Sorry that was long, but just wanted to vent a bit and tell you I like some of your takes.
Exactly! Everything between Buck and Tommy is rushed and doesn't feel organic at all. It's a frustrating storyline for so many of us, because it just doesn't deliver on the romance. It's boring and dull and kinda just falls flat.
That's why I've got the strong suspicion that Tommy is only there to serve the narrative of Buck coming out as bisexual. He is a plot device to uncover this hidden side of Buck, but it doesn't make any kind of sense in the long run. 911 has been telling the Buck and Eddie story for so many seasons now. It feels organic and natural. There is a build-up and so much history between them. So why not use Eddie to give Buck his bisexual oh-moment? Simple, Buck needed to realise he was bisexual first. That way they can write a slow realisation of feelings for Eddie. Feelings that have always been there. Also, Eddie is still with Marisol at the moment. Any feelings reveal at this point would be so messy. This ship deserves better than this.
As for those interviews and cameos. Oliver always seems to rehash the same things: vague Tommy references and how he wants them to stay friends afterwards (which doesn't bode well for their romance), the kiss felt the same as a kiss with a woman, he is so damn proud to be able to play a bisexual man (GO Oliver! I love him for that!), if Buddie were to go romantic he would be open for it. He never really interacts with Lou directly or shares a lot of Tommy or bucktommy pictures. He just vibes with the fact that he is proud to play a bisexual character. Which... good for him!

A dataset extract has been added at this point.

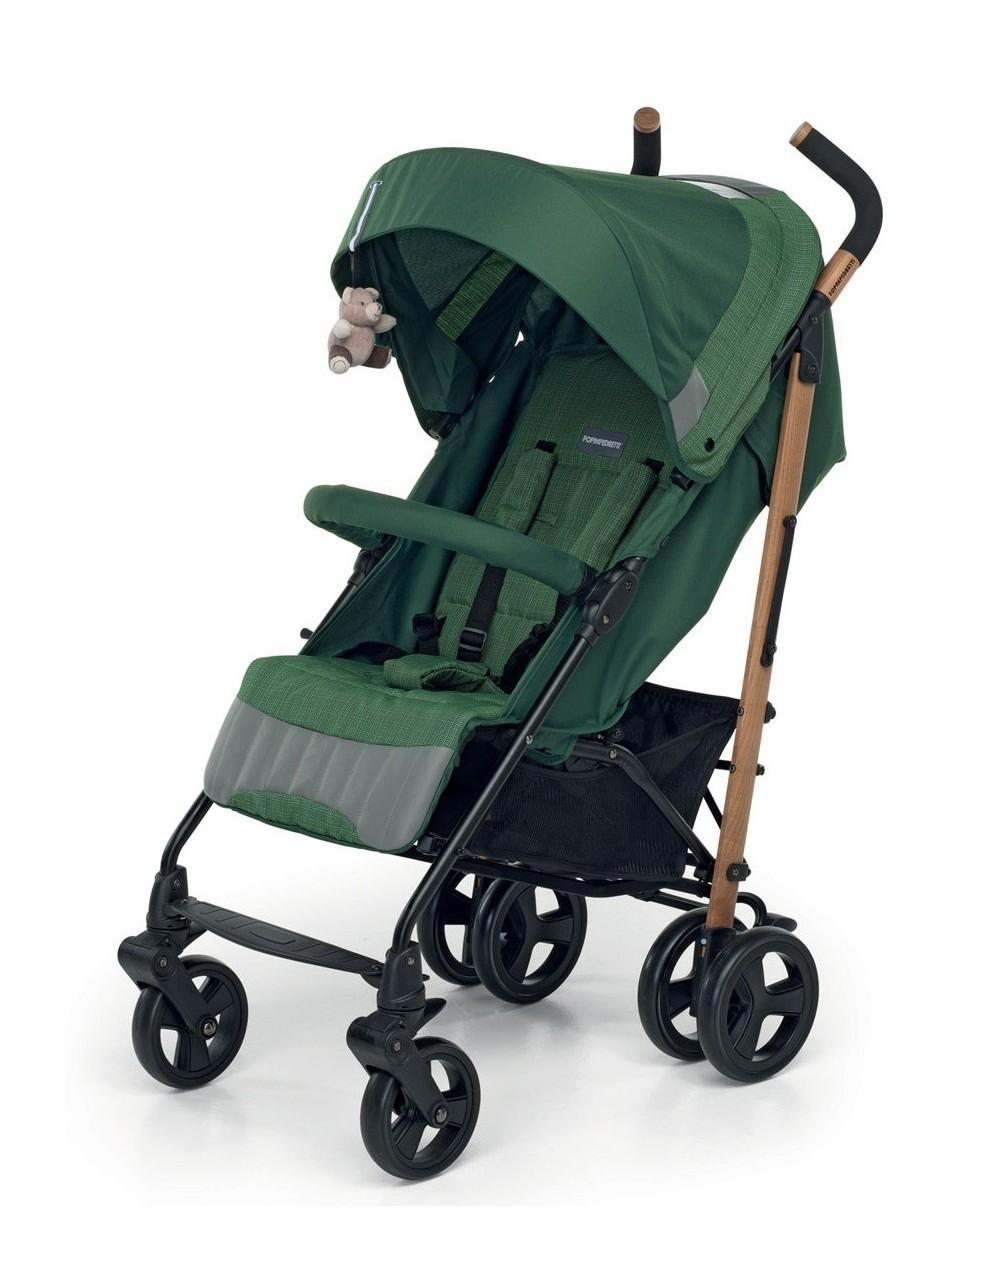 Eco pass florestal carrinho - Foppapedretti

As for Lou? He is all over the place. I like the guy, but he is very chaotic. But overall he has been pretty clear that he's only there for a little while. He is also still involved in other shows, so he won't have time to fully commit to 911 anyway. Next to that, even he has mentioned Buddie in his interviews and cameos. I mean... the fact that it was also pitched for him to be with Eddie? Yeah, Tommy is a plot device alright. It is always possible that Tim will try to milk Lou's popularity by extending his stay for a couple of more episodes, but overall I'm not too worried about his staying too long.
I know Tim is still writing some episodes of S7, but the main storylines are already set in stone by now. It's only the details and how to get from point A to B that still have to be worked out. I'd like to think that they wouldn't just change main storylines at the drop of a hat like that. Tim isn't always truthful when it comes to his comments on 911.
Okay, this is for everyone who needs to hear it:
Don't feel guilty for not vibing with a character or a ship!
Don't listen to haters who try to make you feel guilty about it. But also don't go out there to make other people feel guilty about shipping bucktommy. We all like what we like. All you can do is block haters and filter out the tags you don't want to see. Also, surround yourself with people who think alike. Trust me, there's a lot of us out there.
Lastly, I decidedly don't vibe with Tommy or bucktommy. I don't see any chemistry between them. But I also need to accept that this is where the storyline is right now. We have no other choice then to follow the narrative and hope it leads to something more interesting, like Buddie. We'll just have to wait and see and hope that the show is smart enough to follow the chemistry between Buck and Eddie, and not let themselves be swayed by the superficial and temporary popularity of one guest character.
Don't worry about venting here. I don't mind. These are trying times in the Buddie-fandom and we all need to let it out once in a while.